Americans understand how outrageous this is. In Wisconsin, hundreds gathered outside the FBI building in St. Francis, a small city in Wisconsin’s Milwaukee County, following Dugan’s arrest. One of the demonstrators said, “All of the things that make America great are being attacked.” There were protests in other cities, too.  

Why was the Judge arrested? Why was she handcuffed? Why arrest her at the courthouse? These questions try our souls.  

The government must prove that Judge Dugan intended to obstruct justice when she permitted the defendant to leave her courtroom through the side door. This seems like an insurmountable hurdle. 

As for harboring a fugitive, part of what the government must prove involves establishing whether Judge Dugan harbored or concealed the fugitive. The cases define harboring as giving someone a place to stay or caring for them while hiding from law enforcement, as Dr. Mudd did for John Wilkes Booth. Can a judge harbor a fugitive in a public courtroom? Without more evidence, Bondi’s case will die on the vine. 

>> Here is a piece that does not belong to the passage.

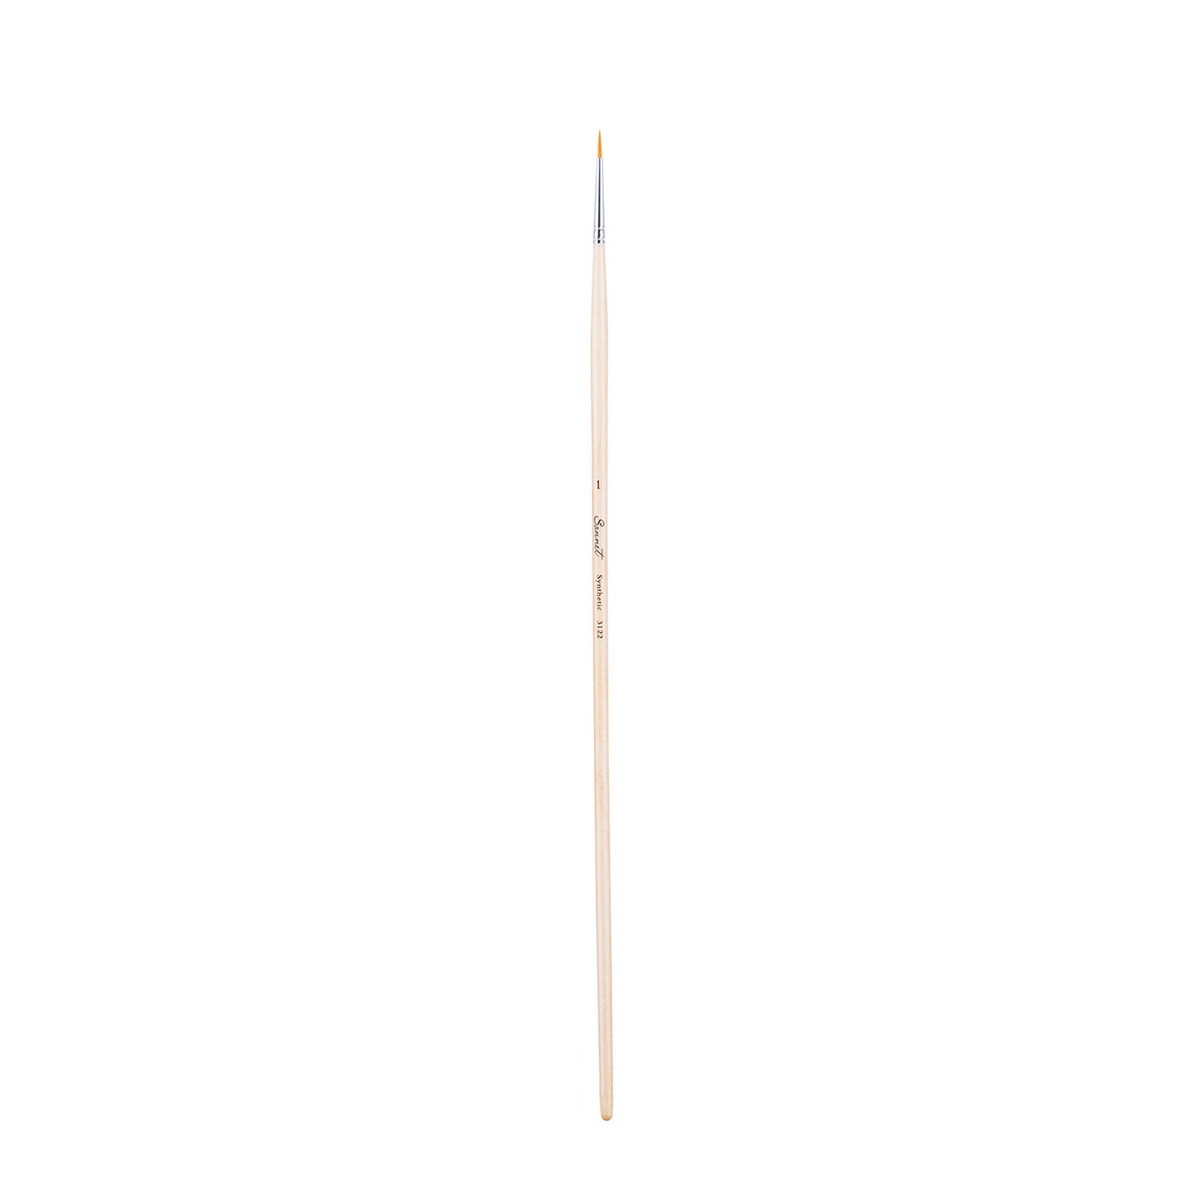 Synthetic brushes "Sonnet", round, long handle

As his first 100 days in office close, President Donald Trump finds his approval rating sinking, with majority opposition to major initiatives and perceptions that his administration is seeking to avoid complying with federal court orders. The poll shows that 39 percent of adult Americans approve of how Trump is handling his job, compared with 55 percent who disapprove, including 44 percent who disapprove strongly. In February, those numbers were 45 percent positive and 53 percent negative. No wonder and the last straw may be his assault on the judiciary, with many worried about what the case could mean for America’s future. 

Trump is coming for the judges. We must stand with them.